### Recorded information
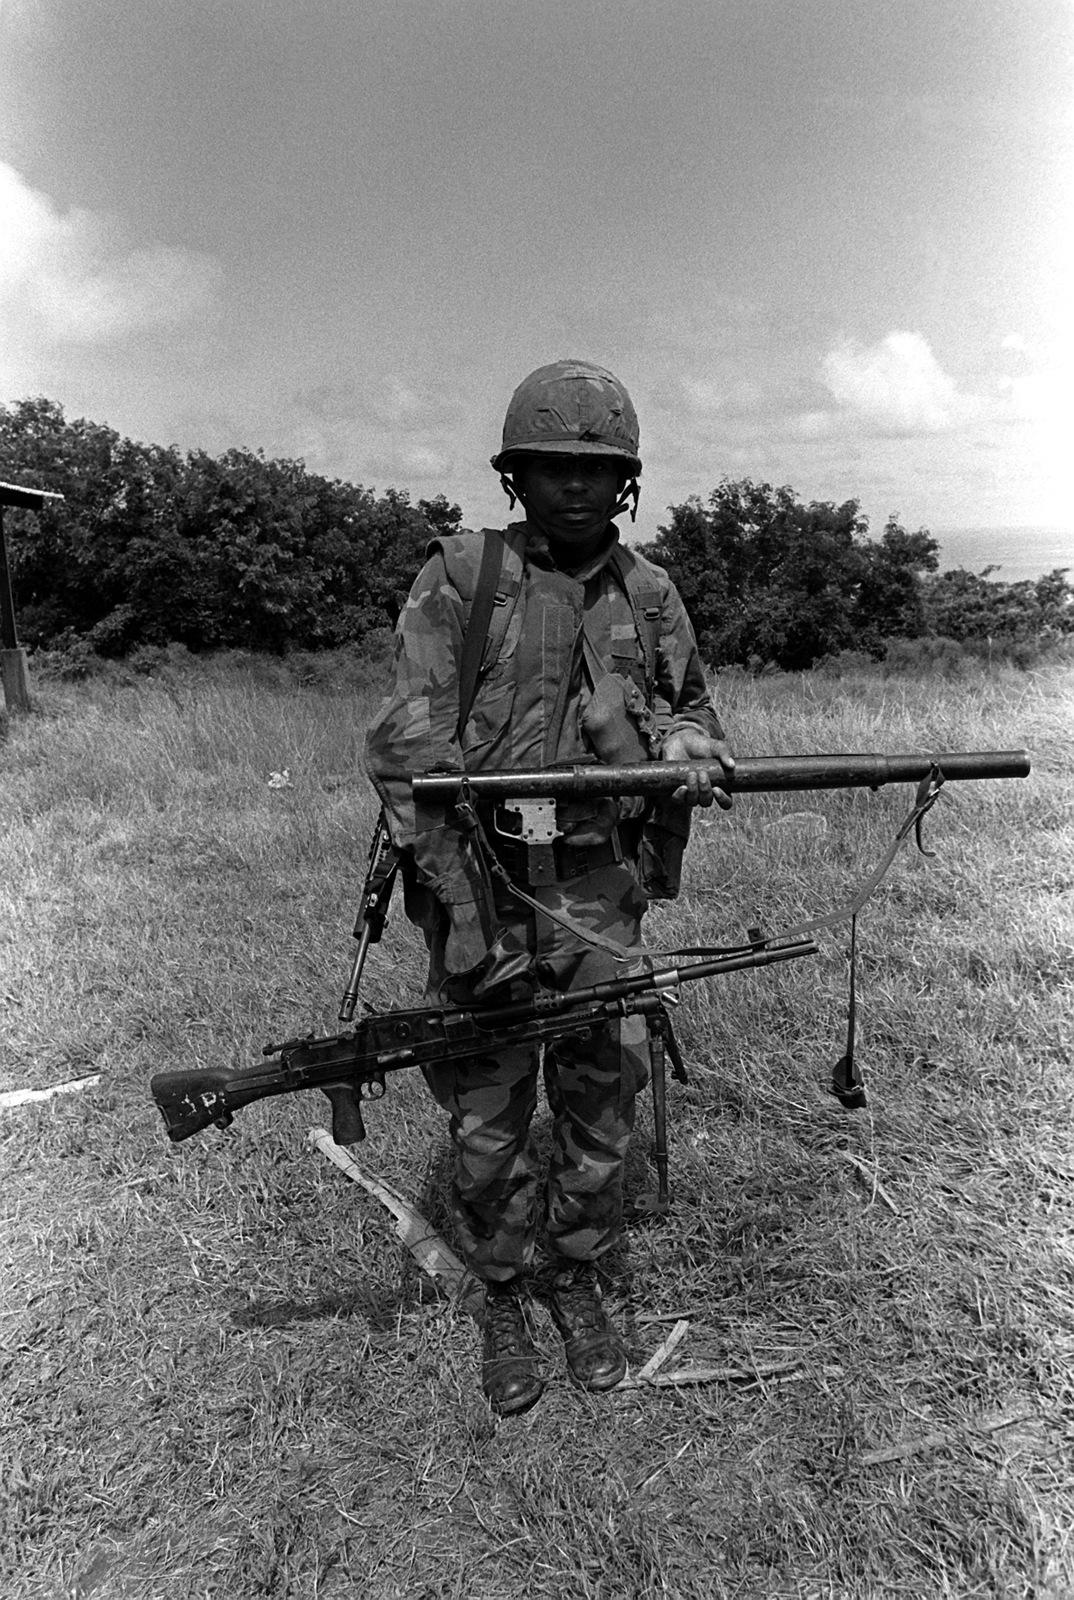 A Marine Displays Seized Soviet RPG 2 Rocket Launcher And Bren Light Machine Gun After Arriving With Battalion Landing Team During Operation Urgent
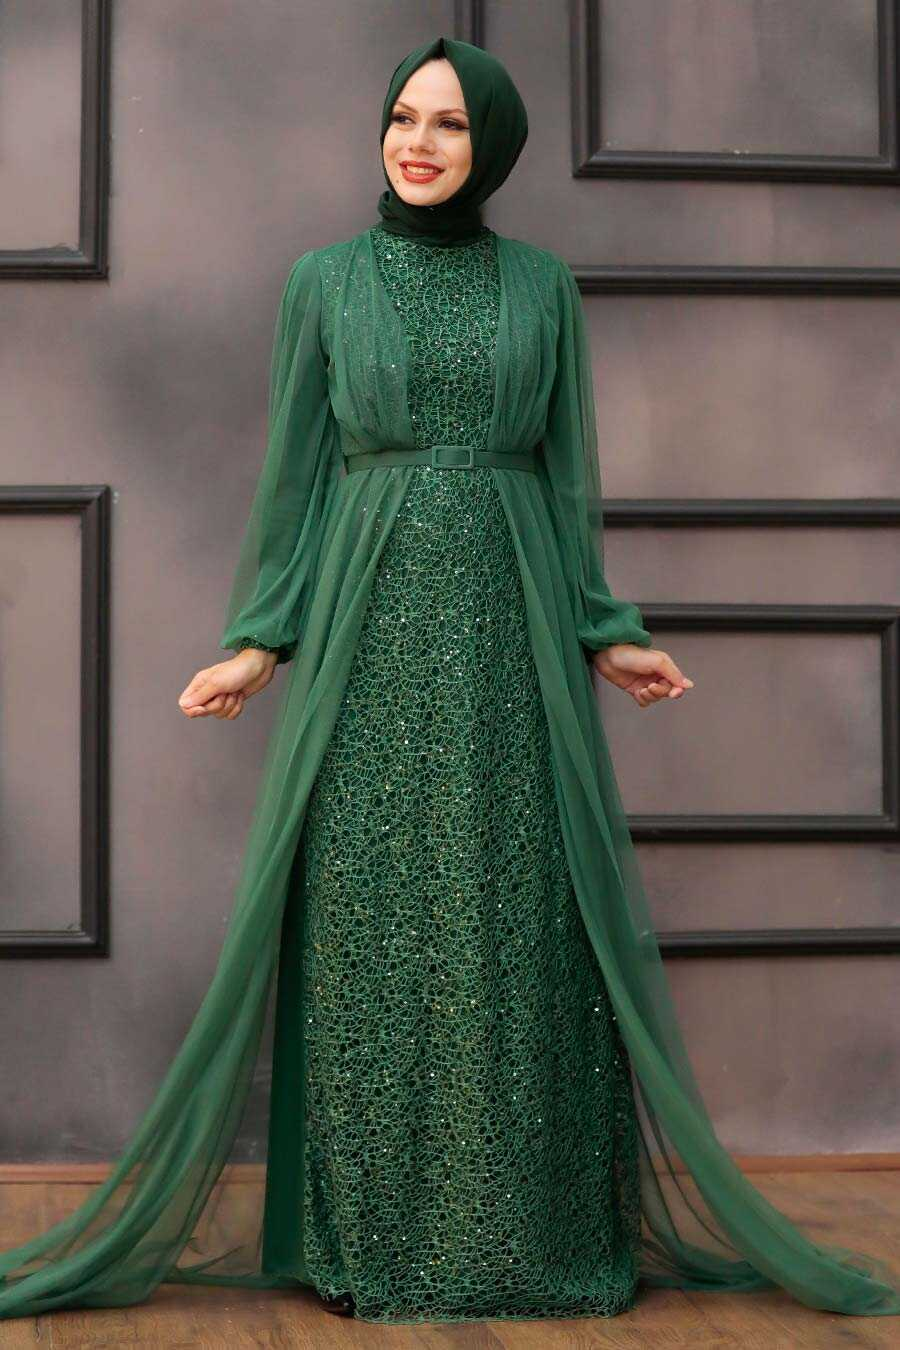 Green Hijab Evening Dress 5383Y
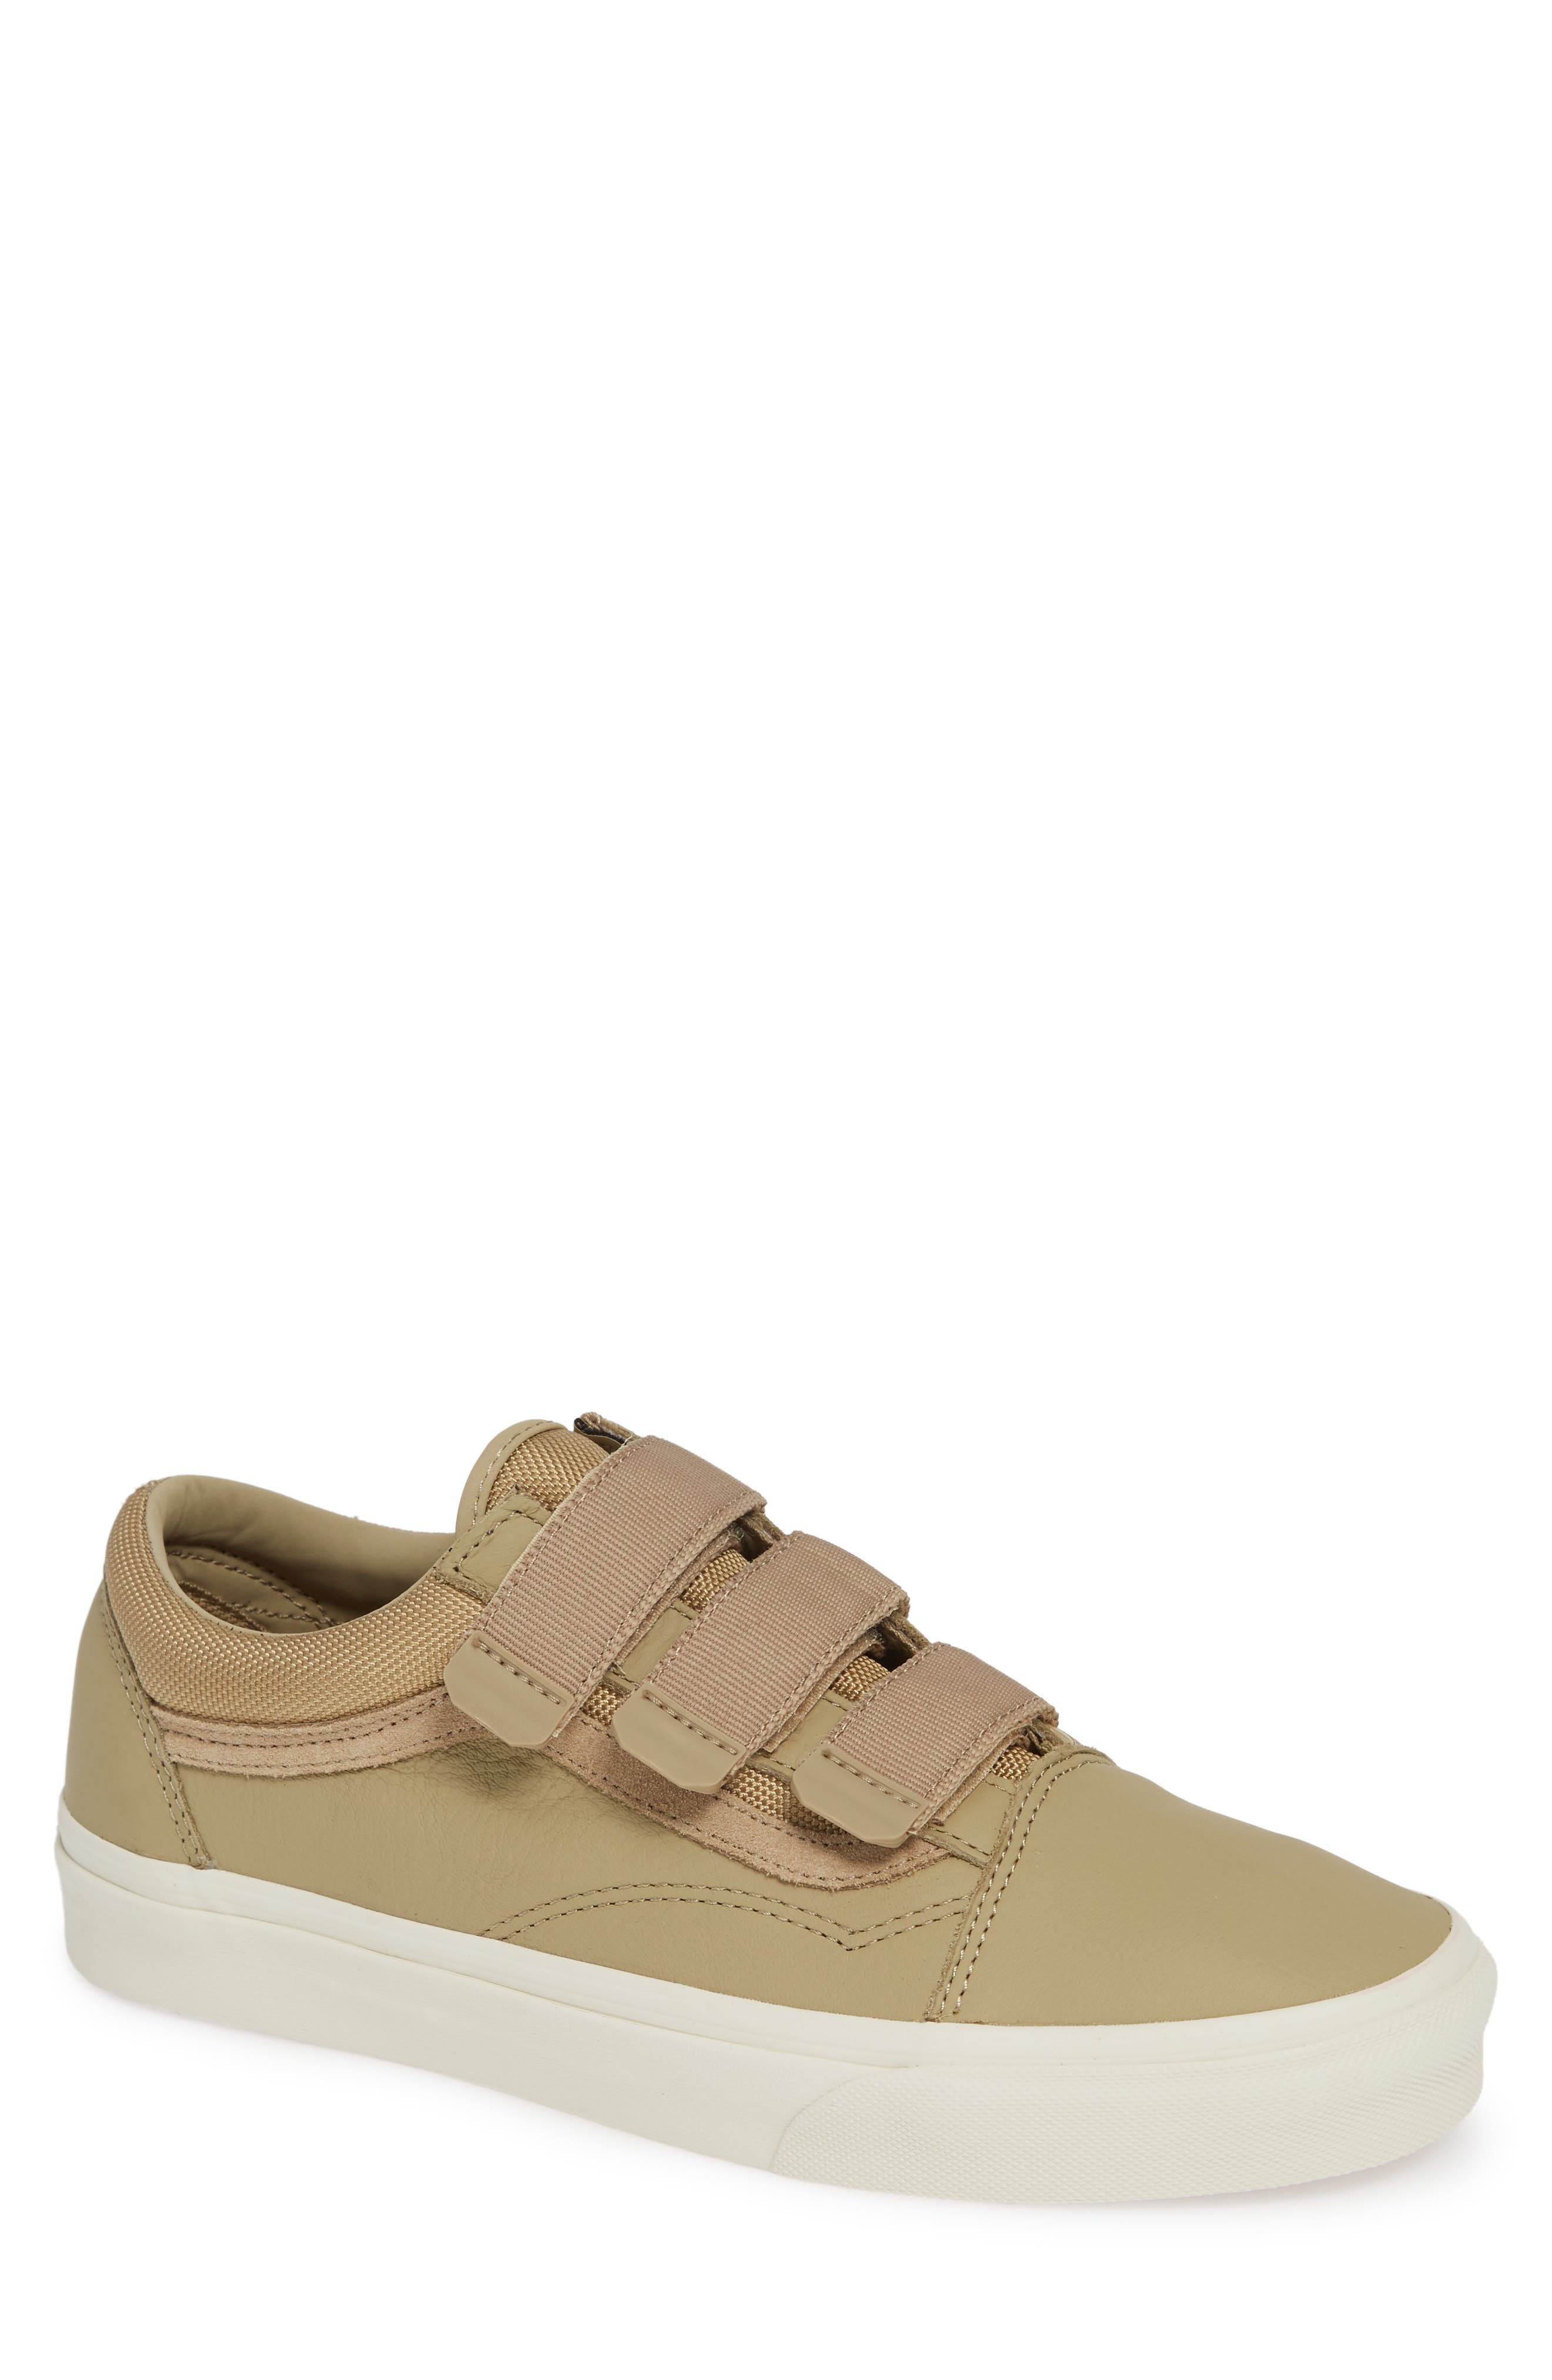 Old Skool V Sneaker,                             Main thumbnail 1, color,                             BEIGE CORNSTALK
######
Required work:
Everything in the data above gets copied exactly. Only the pictures are skipped.

Problem solution:
 A Marine Displays Seized Soviet RPG 2 Rocket Launcher And Bren Light Machine Gun After Arriving With Battalion Landing Team During Operation Urgent
 Green Hijab Evening Dress 5383Y
 Old Skool V Sneaker,                             Main thumbnail 1, color,                             BEIGE CORNSTALK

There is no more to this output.